O martinismo foi-nos devolvido mais tarde, predominantemente no início do século XX, pelos franceses, mas a forma degenerada de que se revestiu até então aparece denunciada na terceira citação, que é de Fernando Pessoa, nos seus textos sobre a Maçonaria, falando dos conhecimentos superiores que porventura desçam ou tenham descido até ela:
“Melhor será se estes conhecimentos especiais estiverem apoiados em, ou fundamentalmente derivem de, uma iniciação de tipo supermaçónico. Há, porém que notar que há iniciações extramaçónicas que não habilitam em nada à compreensão da Maçonaria; outras ainda, que são postiças; mais conduzem ao desentendimento que ao entendimento dela. Está no primeiro caso a iniciação em certa Ordem, de tipo rosacruciano, que tem sede em Londres; está no segundo caso o pseudomartinismo fundado por Gérard Encausse (Papus).” (Obras de Fernando Pessoa, Lello & Irmão, pg. 436 do Vol. III)
Mas de França, felizmente, no que a martinismo diz respeito, não recebemos só o pseudomartinismo de Papus. Um dos discípulos de Pascoal Martins, que dele recebeu directamente o ensino, estabeleceu a partir da Ordem Templária da Estricta Observância o Regime Escocês Rectificado, combinando uma tradição que, segundo Jean Tourniac, tem raízes na Ordem Militar de Avis, com a que, através do seu mestre, prolonga, na Europa Central, a Kabbala peninsular. Esse discípulo foi, como se sabe, Willermoz. De Claude Saint-Martin que com ele colaborou na formação do referido Regime maçónico não há qualquer prova segura de uma transmissão iniciática em que se funde esta ou aquela organização, não obstante a profunda e vastíssima influência que exerceu através dos livros.
O que é que se conclui daquelas três citações e da existência entre nós do Regime Escocês Rectificado?

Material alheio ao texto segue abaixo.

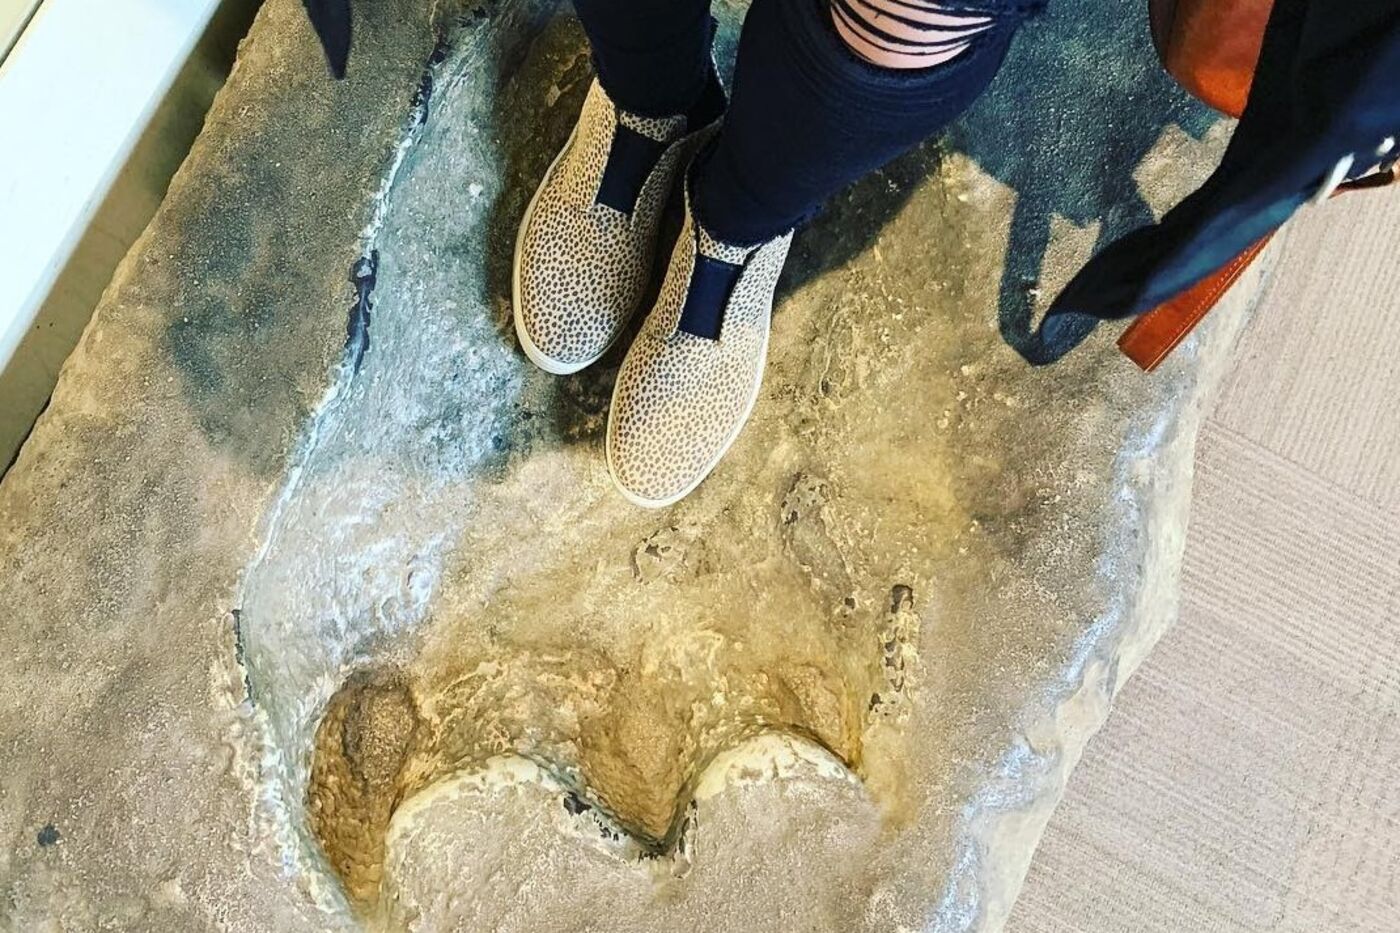 A museum visitor, from the knees down, standing in a giant dinosaur footprint model.

Por mim concluo que dispomos de um caminho simbólico de tudo quanto o martinismo ensina e que, mais uma vez se verifica, não precisamos de sair de Portugal na aventura do conhecimento. N’A Ideia de Deus de Sampaio Bruno temos a mais admirável reformulação filosófica do Tratado de Reintegração dos Seres nos seus Princípios Primitivos. De Sampaio Bruno “partem todos os caminhos”. Claro que não podemos reduzir o pensamento de Álvaro Ribeiro, de Leonardo Coimbra, de José Marinho ou de Agostinho da Silva à Ideia de Deus, tal como a concebeu o filósofo obscuro, porque onde o Espírito sopra não há repetição. Por isso mesmo, não podemos cair no erro de pensar que Pascoaes, Pessoa e Régio dizem coisas diferentes. Estão juntos no essencial, naquele essencial mais directamente apreensível no primeiro, dado que a teoria da saudade para o Regresso ao Paraíso é, logo à partida, o movimento da Reintegração dos Seres nos seus Princípios Primitivos.